Ineffective fracturing of a formation may also result from the loss of friction between tubular and other metallic substrates within the well. Friction reduction between treatment fluids and surfaces contacted by the fluid has also presented ongoing issues. In many instances, the types of viscosifying agents which may be used in fracturing fluids is limited since friction reduction equates to a faster reduction in viscosity of the viscosifying agent upon contact with hydrocarbons. Alternatives have been sought for addressing friction reduction at in-situ downhole conditions.
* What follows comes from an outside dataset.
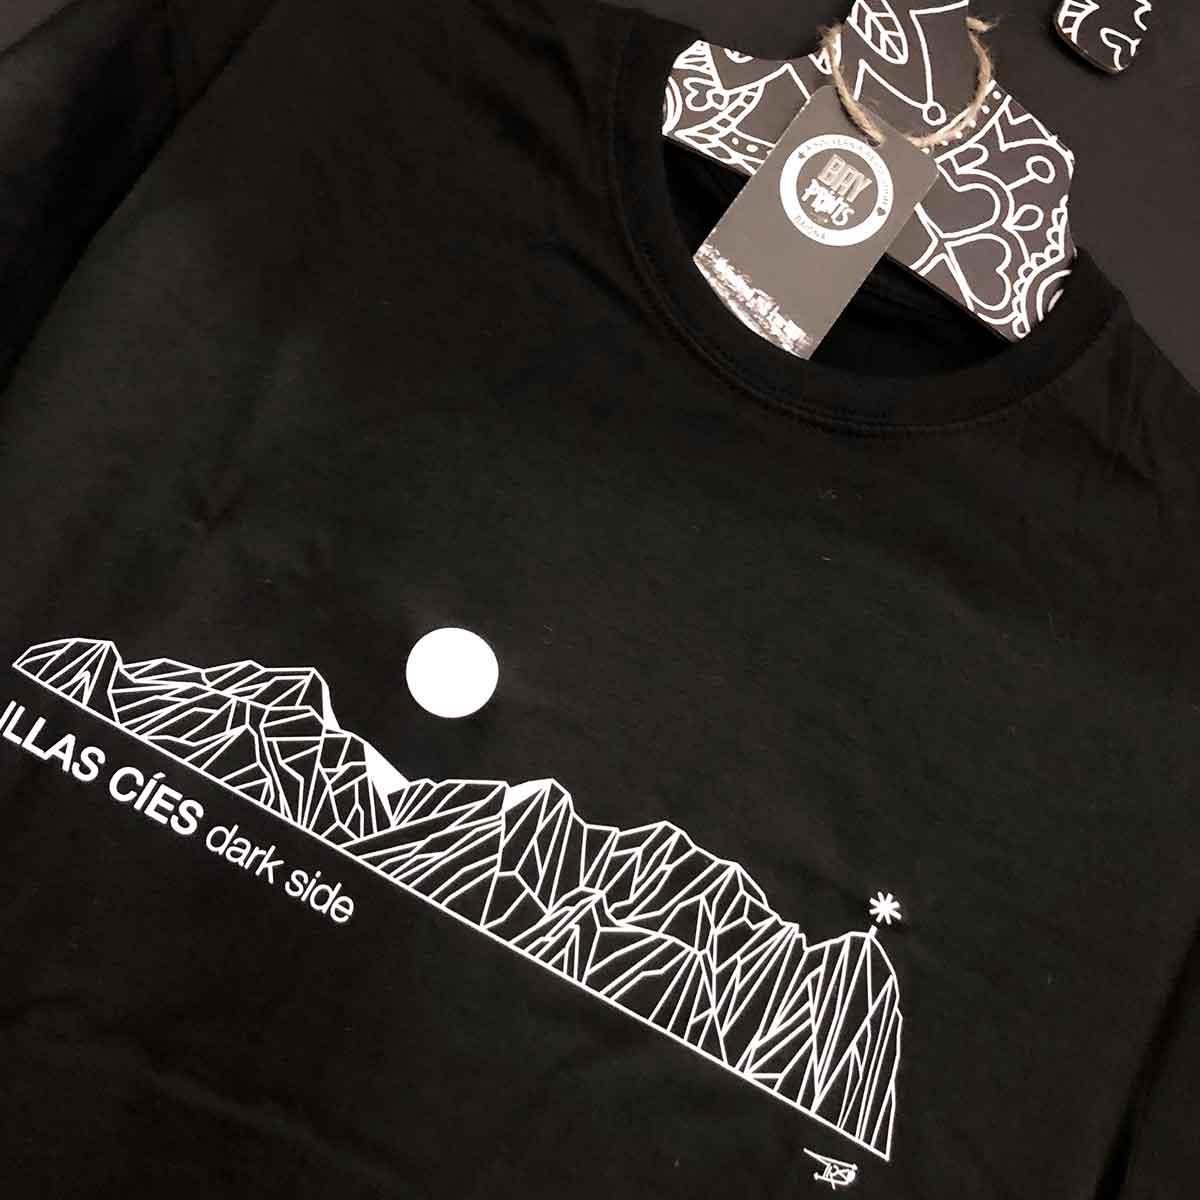 illas cies dark side lado oscuro camiseta illas cies islas cies cies islands tshirt camiseta cies online bayprints baiona souvenirs creativos singulares exclusivos

Resources have also been spent on both chemical and physical techniques for effectively reducing frictional drag created during the flow of hydrocarbons within a hydrocarbon producing reservoir. Alternatives for reducing friction have focused on drag reduction agents. Typically, friction reduction agents are large polymers with long chains which tend to build non-Newtonian gel structures. Drag reducing gels are shear-sensitive and often require specialized injection equipment (such as pressurized delivery systems). Further, since friction reduction agents are typically highly viscous, usually no more than 10 weight percent of polymeric friction reduction agents are present in the carrier fluid. Some attention has been focused on the use of slurries or dispersions of polymers to form free-flowing and pumpable mixtures in liquid media. However, such polymers often agglomerate over time, thus making it very difficult for them to be placed in hydrocarbon liquids where reduced drag is needed. Further alternatives for lowering the frictional drag of fluids within a well have been sought in order to enhance the productivity of hydrocarbons from the well.
In addition, alternatives have been sought for controlling or inhibiting the formation and/or precipitation of scales, paraffins and asphaltenes during the production of hydrocarbons in subterranean formations. While well treatment agents have been successfully employed to control and/or inhibit the formation of scales, paraffins and asphaltenes, such agents are typically mixed on the fly with other components, such as proppant and sand control particulates. Alternative means of controlling the formation and/or inhibition of scales, paraffins and asphaltenes which simplify preparation of well treatment fluids on site are desired.
It should be understood that the above-described discussion is provided for illustrative purposes only and is not intended to limit the scope or subject matter of the appended claims or those of any related patent application or patent. Thus, none of the appended claims or claims of any related application or patent should be limited by the above discussion or construed to address, include or exclude each or any of the above-cited features or disadvantages merely because of the mention thereof herein.